(PROVIDED MATERIAL)
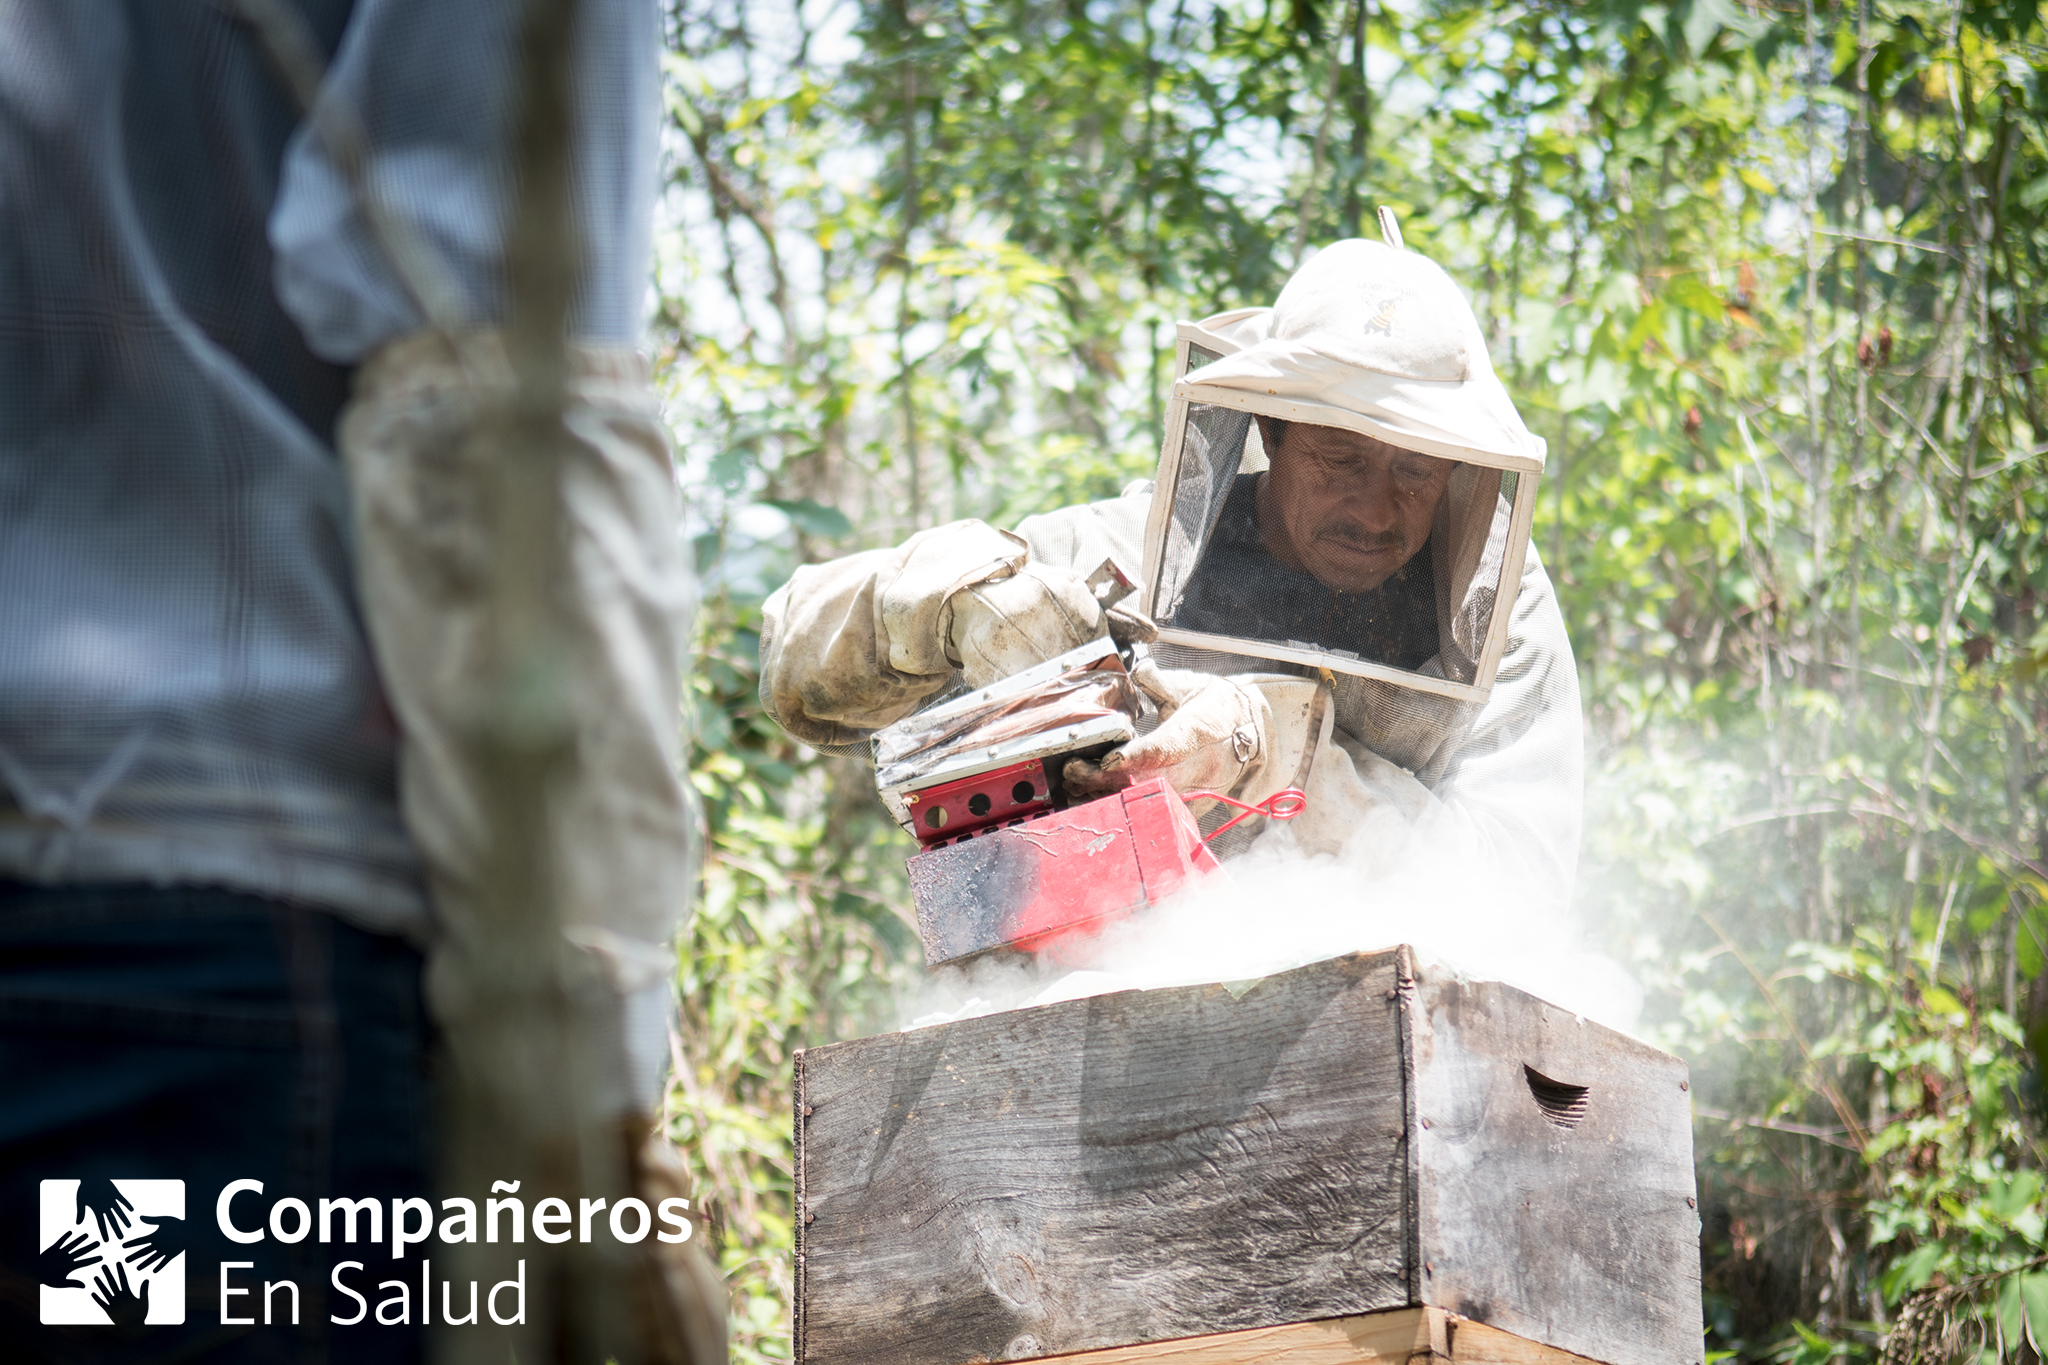  Don Ramiro, uno de los anfitriones de los estudiantes de medicina visitantes, les muestra el proceso de cosechar miel de sus panales cerca de la comunidad de Laguna del Cofre... 
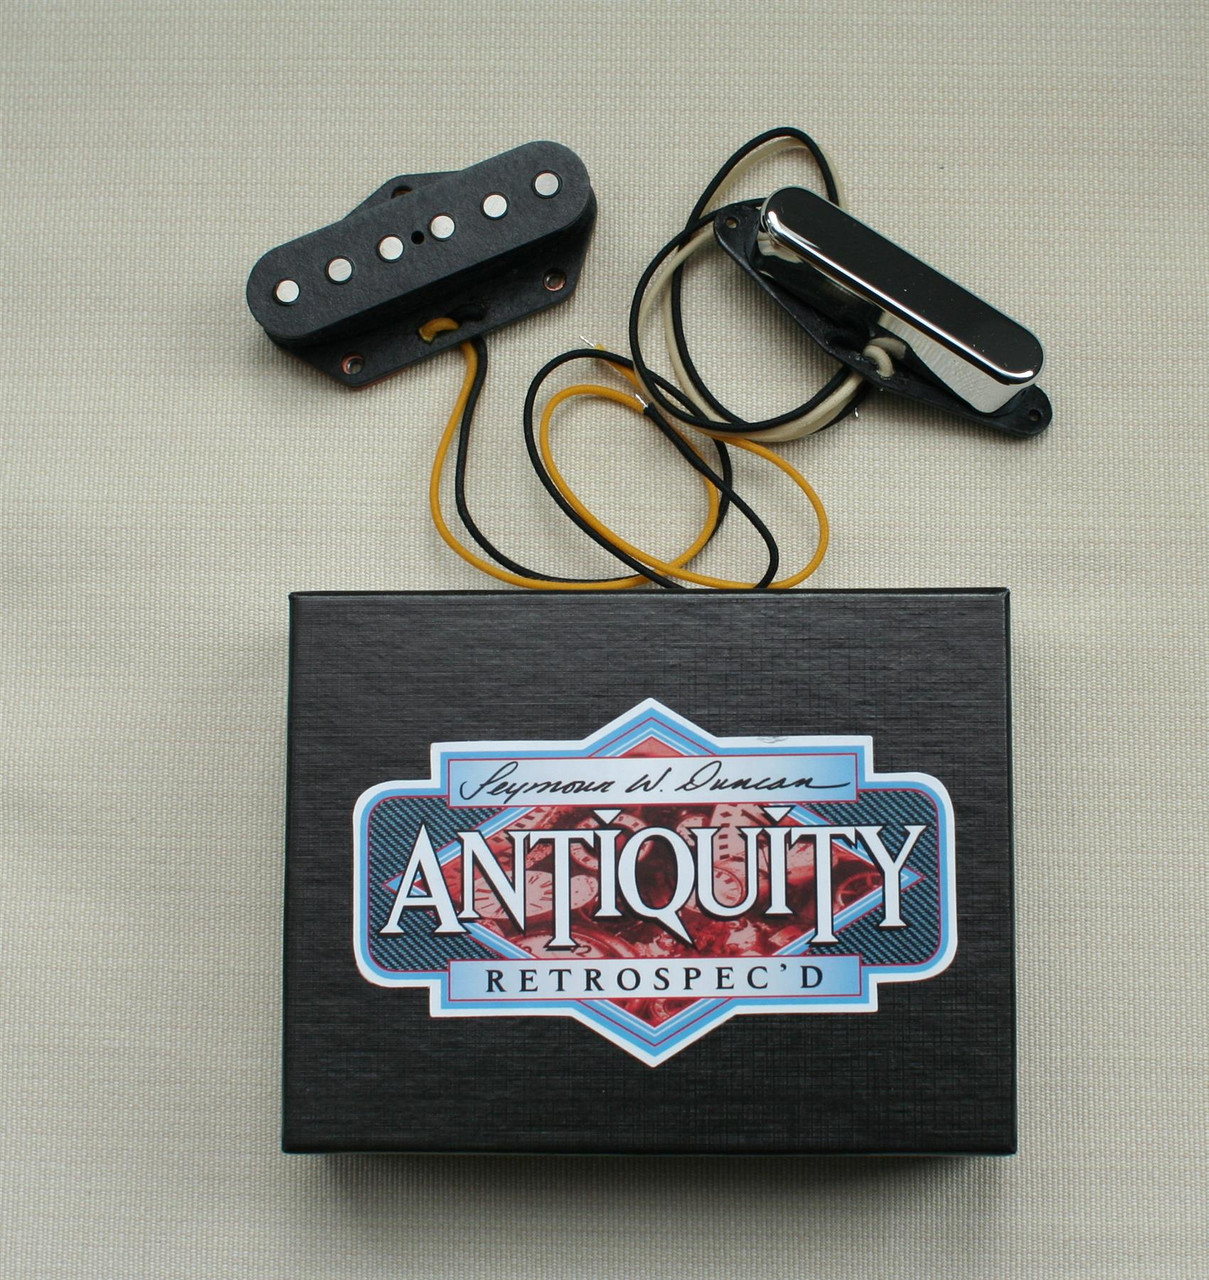 Seymour Duncan Antiquity Retrospec'd Tele Pickup set
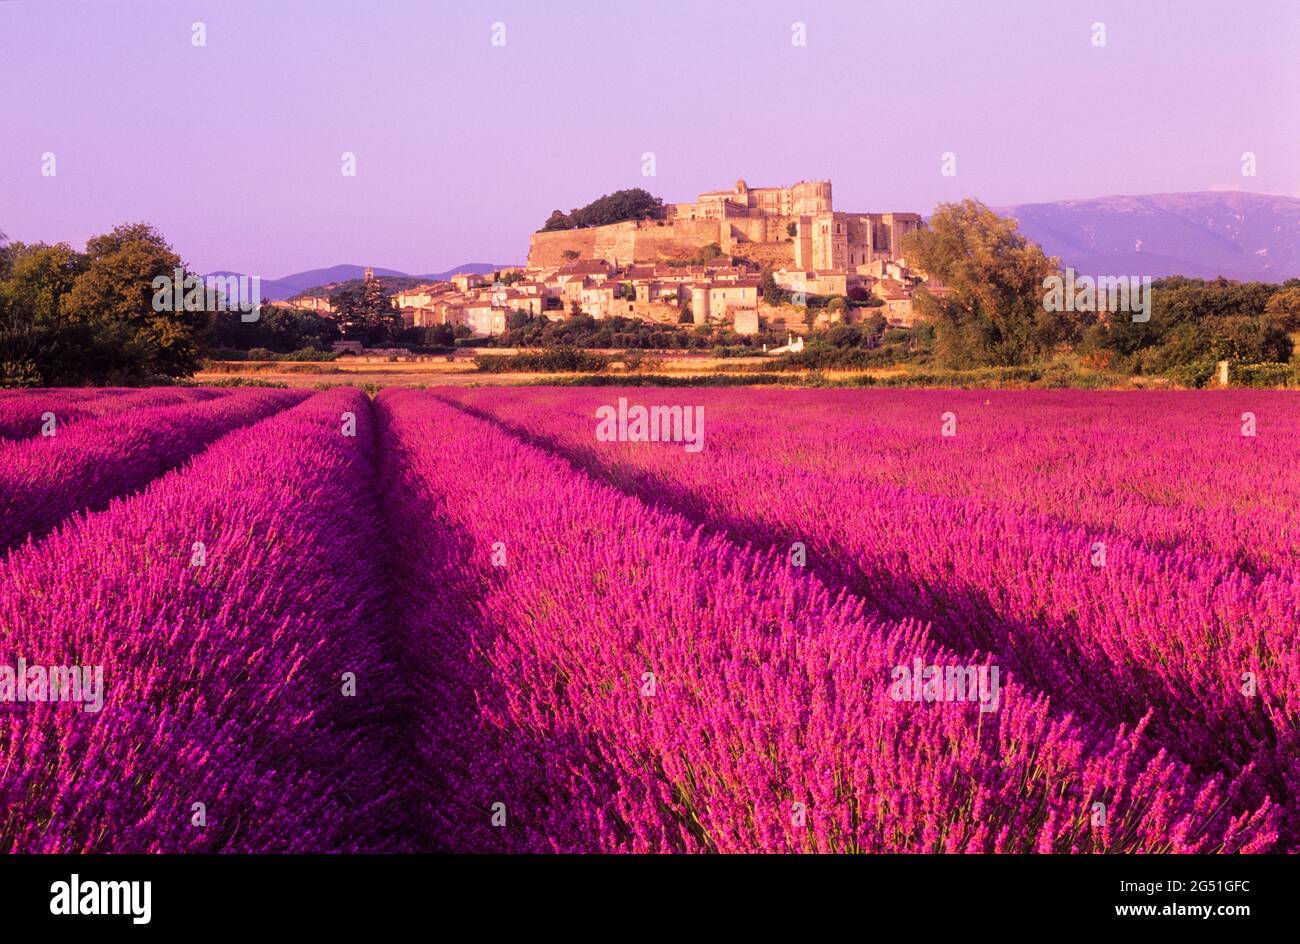 Paisaje con campo de lavanda púrpura, Grignan, Provenza, Francia Foto de stock

(EXERCISE) Would you retype every line shown above exactly, leaving the pictures aside?

(EXERCISE SOLUTION)
  Don Ramiro, uno de los anfitriones de los estudiantes de medicina visitantes, les muestra el proceso de cosechar miel de sus panales cerca de la comunidad de Laguna del Cofre... 
 Seymour Duncan Antiquity Retrospec'd Tele Pickup set
 Paisaje con campo de lavanda púrpura, Grignan, Provenza, Francia Foto de stock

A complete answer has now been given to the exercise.